Kevin Mulligan, comissioner of public works, examines the Long Beach...

Kevin Mulligan, comissioner of public works, examines the Long Beach canal bulkhead project. The city is replacing old bulkheads to meet revised flood elevations in a new Nassau flood map. Credit: Danielle Finkelstein

Nobody wants to be forced to pay for thousands of dollars in additional insurance on their homes. Fighting such requirements, especially when it's the government imposing them, is a natural, even instinctive, response.

But when it comes to the Nassau County flood maps, residents battling the Federal Emergency Management Agency - to keep property out of a high-risk flood zone and money in their pockets - lack the science to back up that instinct.

A survey of much of Long Island's coastline conducted by the U.S. Army Corps of Engineers indicates these properties are in danger of flooding. The updated modeling and a modernized method of evaluating the data have driven the projected flood elevation up in some places and down in others. And that's left many homeowners, particularly in Nassau, angry.

Only the south shore of Suffolk County was surveyed in detail for the study. As many as 25,000 properties in Nassau were added to the flood zone. Owners, who could be forced to pay annual flood insurance rates as high as $3,000 at the end of a two-year transition period, are using the Suffolk-only analysis to fight the new classification.

FEMA says the study is sufficient to predict flooding in Nassau as well. It decided not to have the Corps survey Nassau's shores because of the additional $1 million it would have cost.

In response to the uproar, 100 land elevations were spot-checked in Nassau, and all of them fell well within the range FEMA would have predicted.

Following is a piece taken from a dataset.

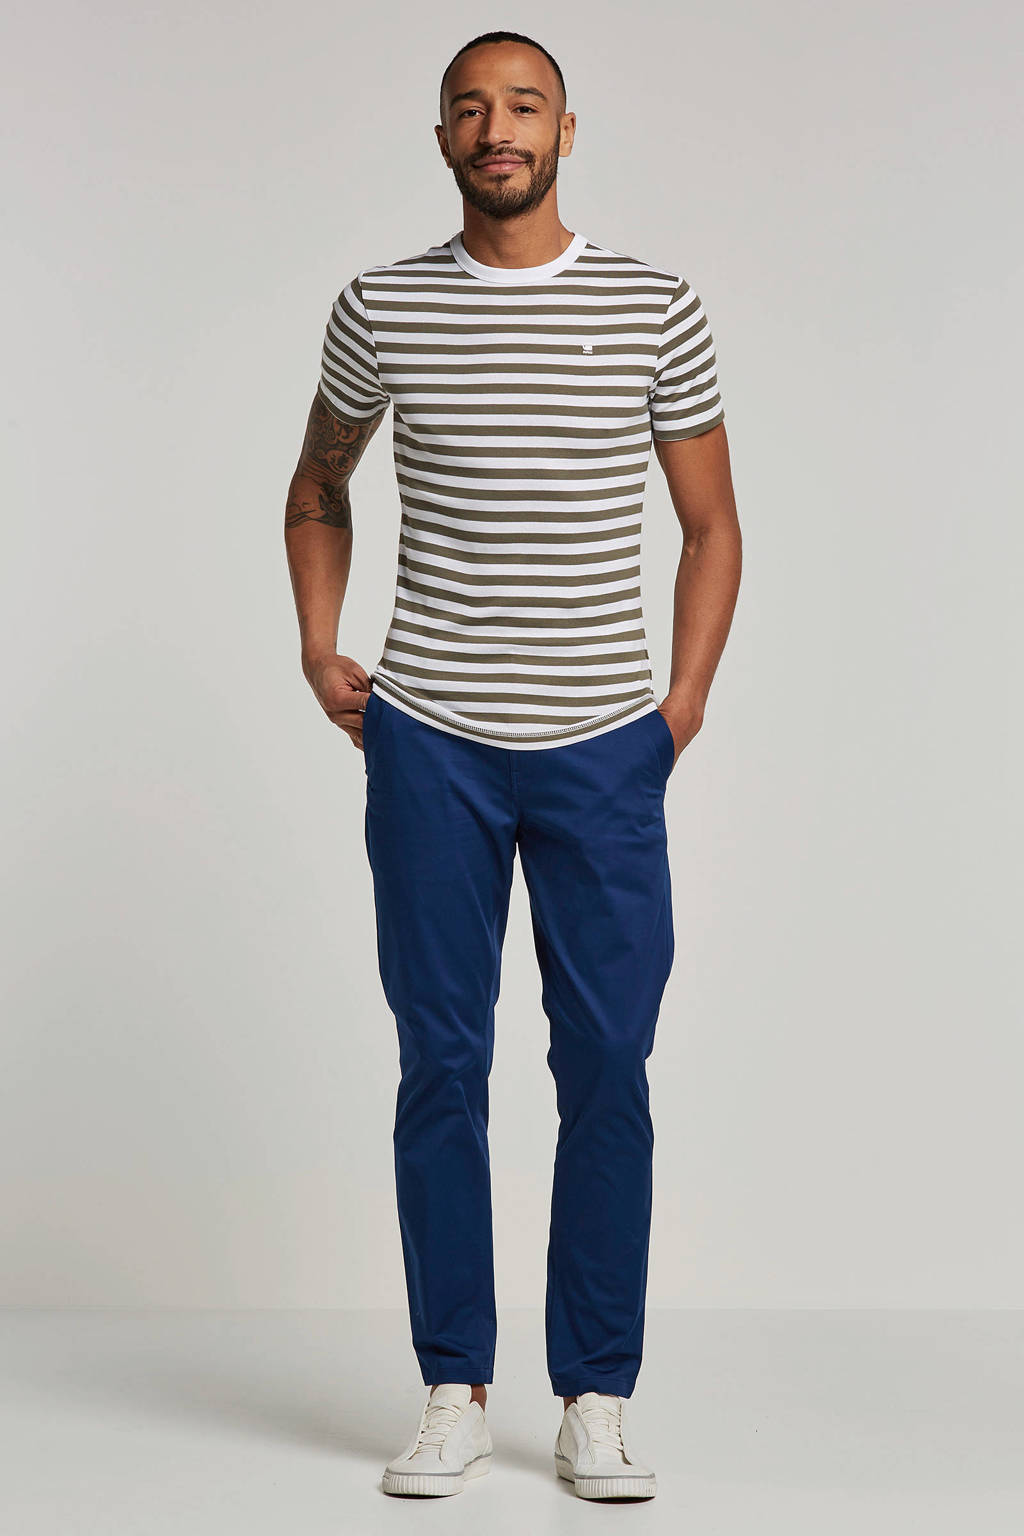 G-Star RAW T-shirt Kantano, Wit/groen

Now some Nassau homeowners are demanding a new study, based largely on the fact that properties which have never flooded in their lifetimes are in the floodplain and the projected flood line has been elevated so dramatically in some areas.

But flooding in recent memory can't determine 100-year flood marks, which is what the zones are based on.

And the world is changing. A study released late last year by the state Sea Level Rise Task Force determined that the water in New York Harbor has risen 15 inches since 1850 and four to six inches since 1960. The study also projected a potential sea rise in parts of New York State by as much as four feet over the next 70 years.

That means our sense of what will and won't flood, based on past experience, doesn't mean much anymore.

Given recent climate patterns and rising oceans, these homeowners are likely to see their odds of flooding increase. The science says they are vulnerable to flooding now.

The shoreline and topography of Nassau and Suffolk oceanfront just don't vary that significantly east to west in this targeted area. The idea that they would experience notably different storm surge and flooding patterns on one side of the county line than the other is likely untrue.

The desire of Nassau property owners to avoid paying the rates associated with being in a high-risk flood zone is completely understandable. It's just not justified.